Thunder speeds the analysis of data sets that are so large and complex they would take days or weeks to analyse on a single workstation ? if a single workstation could do it at all, researchers said.
Group leaders Jeremy Freeman, Misha Ahrens, and colleagues at Janelia and the University of California, Berkeley, used Thunder to quickly find patterns in high-resolution images collected from the brains of active zebra-fish and mice with multiple imaging techniques.
They have used Thunder to analyse imaging data from a new microscope that Ahrens and colleagues developed to monitor the activity of nearly every individual cell in the brain of a zebrafish as it behaves in response to visual stimuli.

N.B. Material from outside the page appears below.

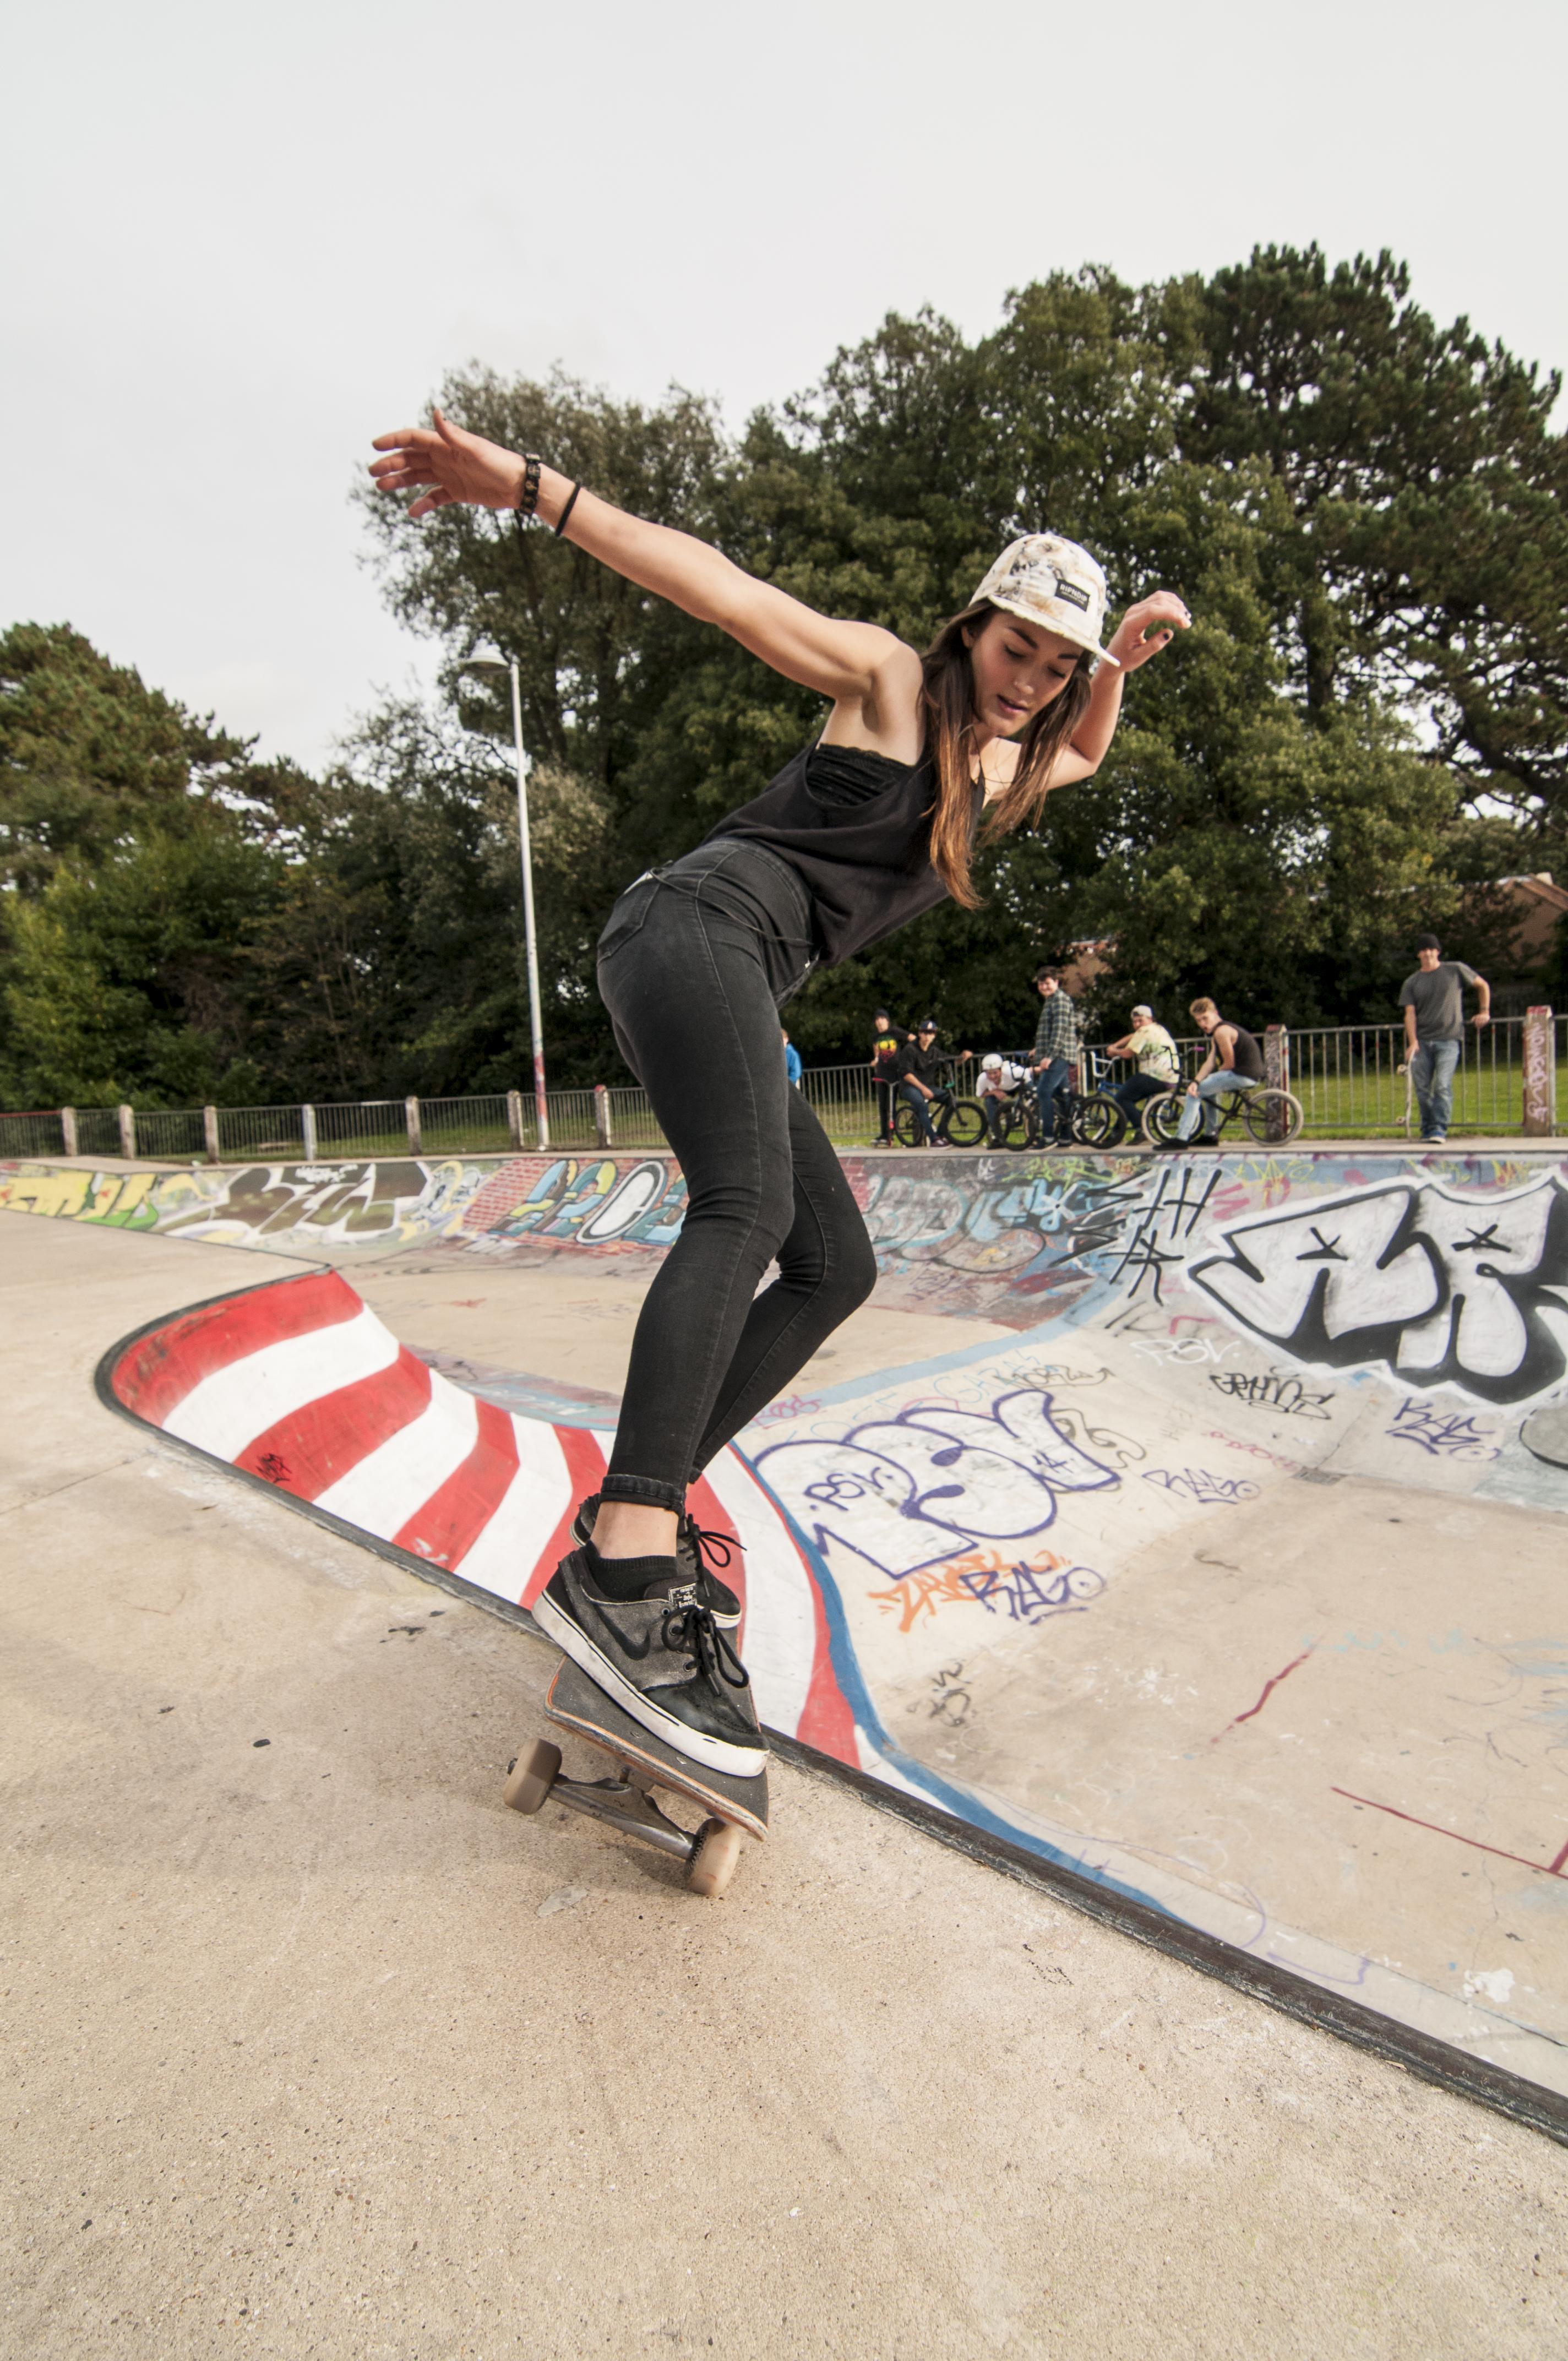 Skater Bio : Rianne Evans | GIRL SKATE UK
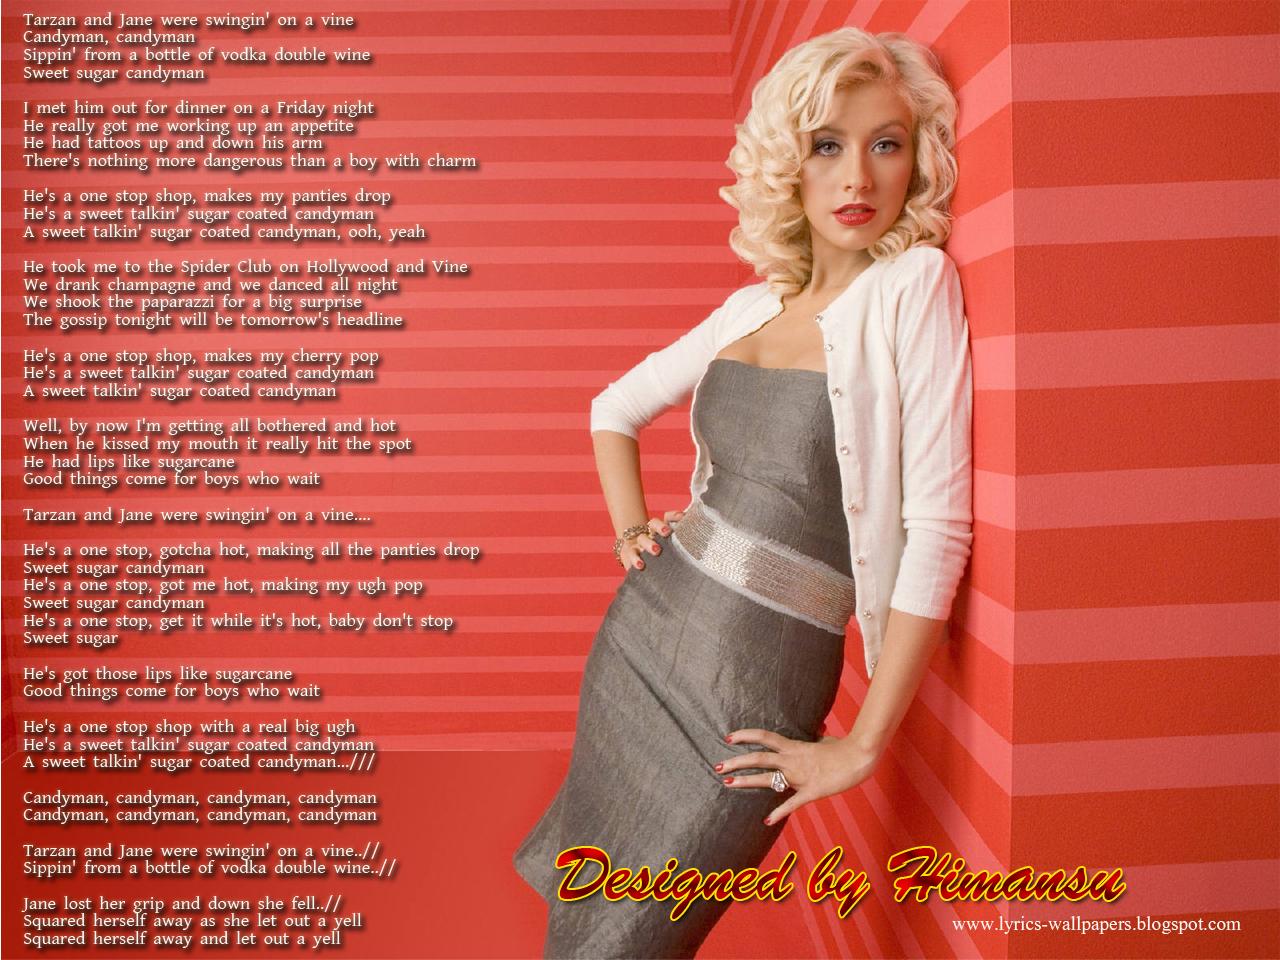 Lyrics Wallpapers: Christina Aguilera - Candyman

Researchers can find everything they need to begin using the open source library of tools.
New microscopes are capturing images of the brain faster, with better spatial resolution, and across wider regions of the brain than ever before.
Yet all that detail comes encrypted in gigabytes or even terabytes of data. On a single workstation, simple calculations can take hours.
"For a lot of these data sets, a single machine is just not going to cut it," Freeman said.
It's not just the sheer volume of data that exceeds the limits of a single computer, Freeman and Ahrens say, but also its complexity.
"When you record information from the brain, you don't know the best way to get the information that you need out of it. Every data set is different. You have ideas, but whether or not they generate insights is an open question until you actually apply them," said Ahrens.
The research was published in the journal Nature Methods.